ACTIVITY: Go through the data below and gather each line containing "detailed".

Stored items from a collection:
==*==

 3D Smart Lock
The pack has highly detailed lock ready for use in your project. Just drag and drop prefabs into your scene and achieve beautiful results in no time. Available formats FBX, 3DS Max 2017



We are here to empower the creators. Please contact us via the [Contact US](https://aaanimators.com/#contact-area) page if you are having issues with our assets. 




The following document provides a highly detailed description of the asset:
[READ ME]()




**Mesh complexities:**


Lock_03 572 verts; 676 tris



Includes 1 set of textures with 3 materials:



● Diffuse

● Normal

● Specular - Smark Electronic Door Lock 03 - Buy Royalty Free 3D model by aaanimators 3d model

==*==

ANSWER FOR THIS EXERCISE:
The pack has highly detailed lock ready for use in your project. Just drag and drop prefabs into your scene and achieve beautiful results in no time. Available formats FBX, 3DS Max 2017
The following document provides a highly detailed description of the asset:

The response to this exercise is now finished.